年の瀬に「お笑い」と「たこ焼き」を思う

当事務所の年内の業務は28日をもって終了させていただきました。


だから、ということでもないですが、今回は完全に雑談です。

大阪の人間は、誰もが「お笑い」と「たこ焼き」には一家言を有しています(たぶん)。

お笑いといえば、「M-1グランプリ」が本年で終了しました。出場した漫才師のなかで誰が面白いか、という議論は、大阪の人間に限らず、お笑い好きなら尽きない話題でしょう。

私も楽しんで見ていたほうですが、ただ、私個人の感想としては、お笑いというのは、あまり真剣にやられると、こっちが興ざめするように思います。演じる側の意気込みや熱意が伝わり過ぎると、見ているほうが緊張してしまい、肩の力を抜いて笑えなくなってしまうのです。

同じようなことが、たこ焼きにもあてはまると思えます。

今でこそ「大阪名物」などと言われていますが、私の子供時代のたこ焼きのイメージと言えば、夜店の屋台とか、銭湯に行った帰りに民家の軒先で焼いているの
を、親に買ってもらったという程度で、あれはおいしかったのかというと、子供が小腹を満たす程度のものでしかありません。

たこ焼きはどこまでいっても所詮たこ焼きで、小麦粉とソースの味でしかなく、あれをおいしいと思って食べたことはないです。だから、たこ焼きの店に行列ができるというのが、私には今でも理解ができません。

ここでも何度か触れた、道頓堀のたこ焼き「大たこ」は、ついに大阪市の指導に従い、不法占拠であった店を自主的に撤去し、近くのビルで再開したらしいです。

撤去したのは当然で、「遅すぎた」という感想しかないのですが、もう一つ、不法占拠中の賃料相当額をきちんと大阪市に払ったのかどうかは気になります。もしまだだったら、市はきちんと取りたてるべきでしょう。

ともかく、お笑いもたこ焼きも、相当な修練が必要な技術であることはわかるのですが、それを表には出さず、所詮はお笑い、所詮はたこ焼き、くらいのスタンスでやってくれるほうが、私は好きです。

ここ数年は、M-1はじめお笑いが熱くなり過ぎたように思えます。不法占拠のたこ焼き屋も、何の意地だか法廷闘争などして、ずいぶん興ざめしました。

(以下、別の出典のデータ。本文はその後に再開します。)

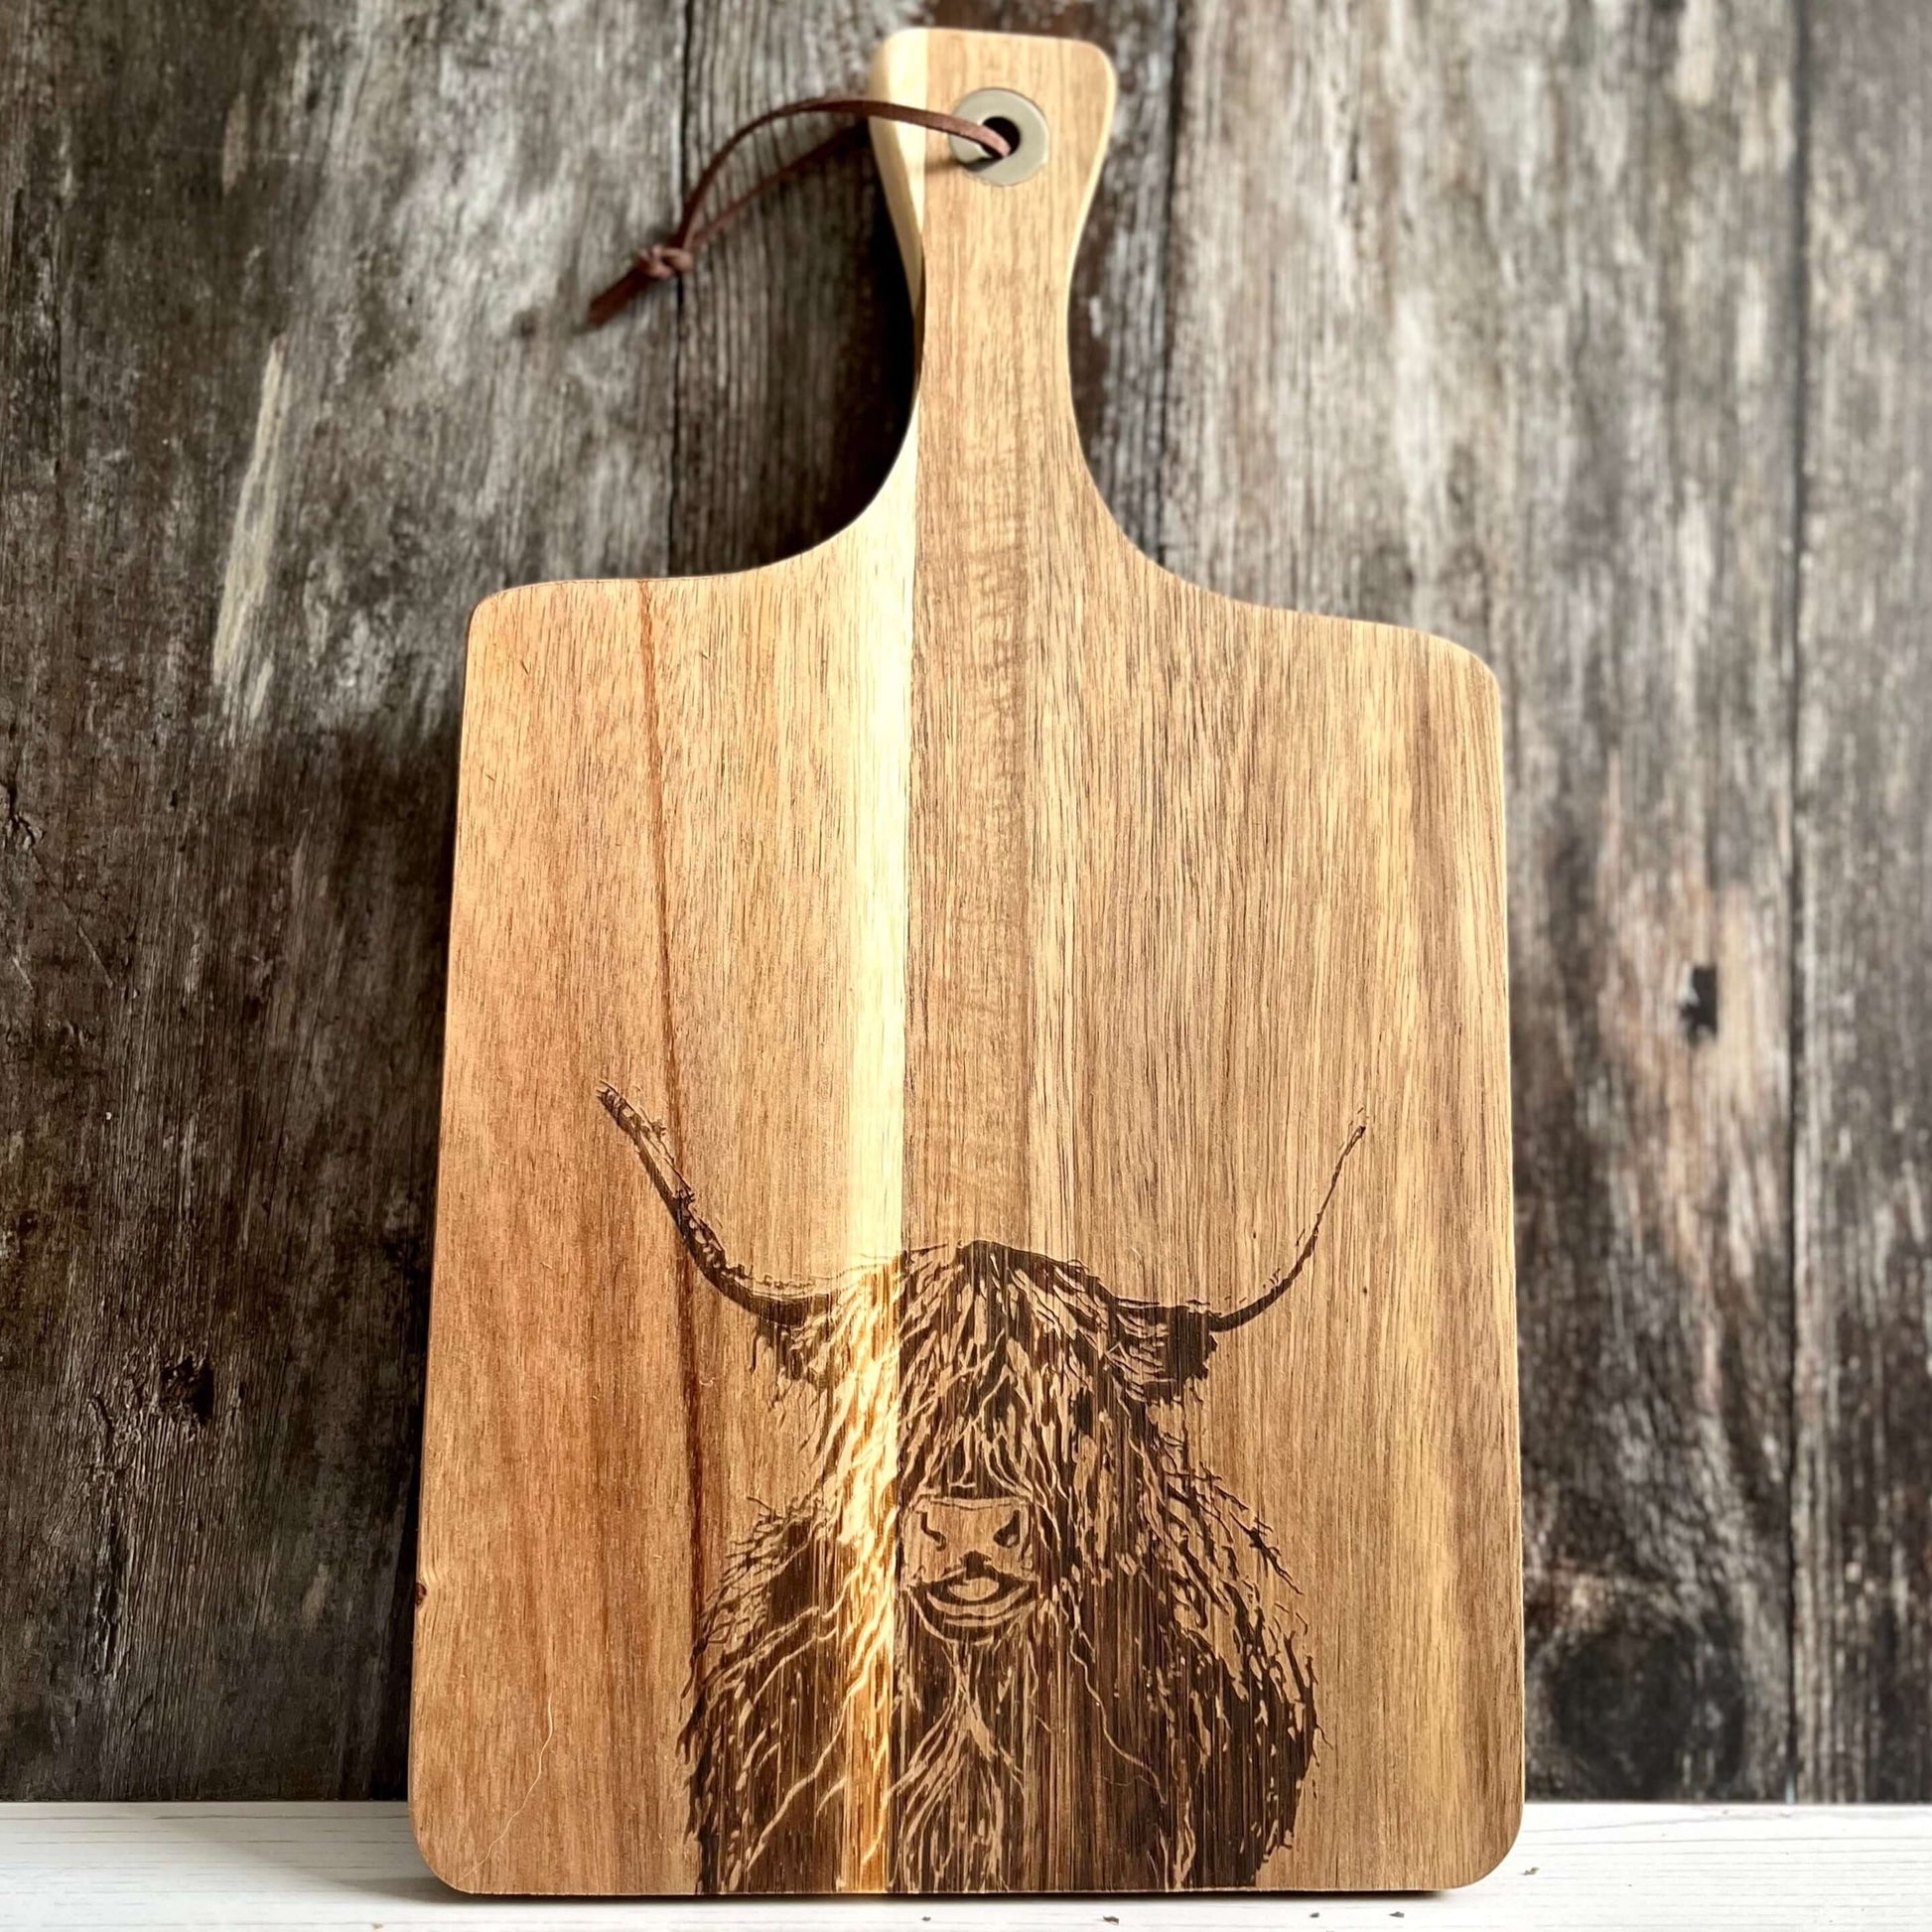 Highland Cow Cutting Board Close Up From Bottom

この年でM-1も橋の上の「大たこ」も終わったということで、私の気持ちに一区切りついた思いがしています。

灰皿にテキーラを入れる行為の法的考察


海老蔵事件に触れたついでに、さらにどうでもよい話を続けます。



週刊誌などの報道では、リオン容疑者の知人(暴走族の元リーダーとかいう人)の「証言」が紹介されていて、最も有名なものは、「灰皿にテキーラを入れて飲ませようとした」というものでしょう。

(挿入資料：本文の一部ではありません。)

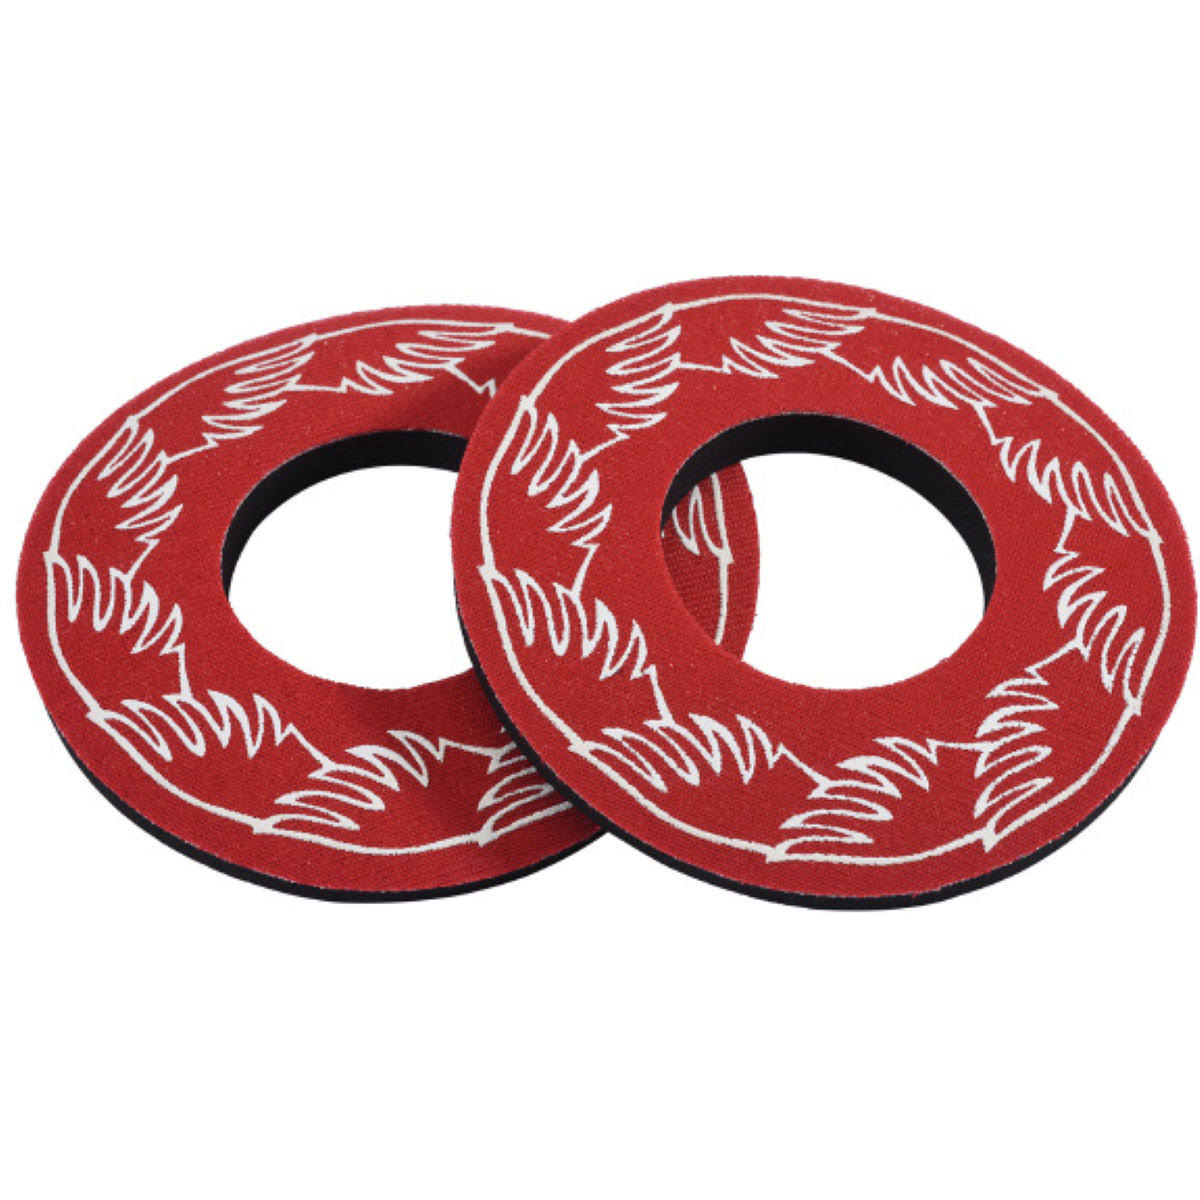 Se Racing Wing BMX Grip Donuts - Red, Pair

私は、テキーラよりはスコッチが好きなのですが、どっちであれ酒好きの私としては、灰皿にテキーラを入れるなどというのは、酒に対する侮辱であり、もし本当なら殴られても仕方がないと、感情としては思います。

個人的感情はさておき、ここでは灰皿にテキーラを入れる行為の違法性について検討したいと思います。

まず、灰皿にテキーラを入れること自体は、刑法上の犯罪には何ら触れないでしょう(もちろん店の人には怒られるでしょう)。

昔の有名な判例として、料理屋で皿に放尿した行為が器物損壊罪(刑法261条、3年以下の懲役または30万円以下の罰金)にあたるとされたケースがありま
すが、これはおしっこをかけられた料理皿など心理的に使えなくなるためです。テキーラを入れられた灰皿は、洗えばまた使えます。

また、相手を脅すなどして灰皿のテキーラを無理に飲ませると、強要罪(刑法223条、3年以下の懲役)になります。実際に飲まなくても無理に飲ませようとすると、強要罪の未遂になります。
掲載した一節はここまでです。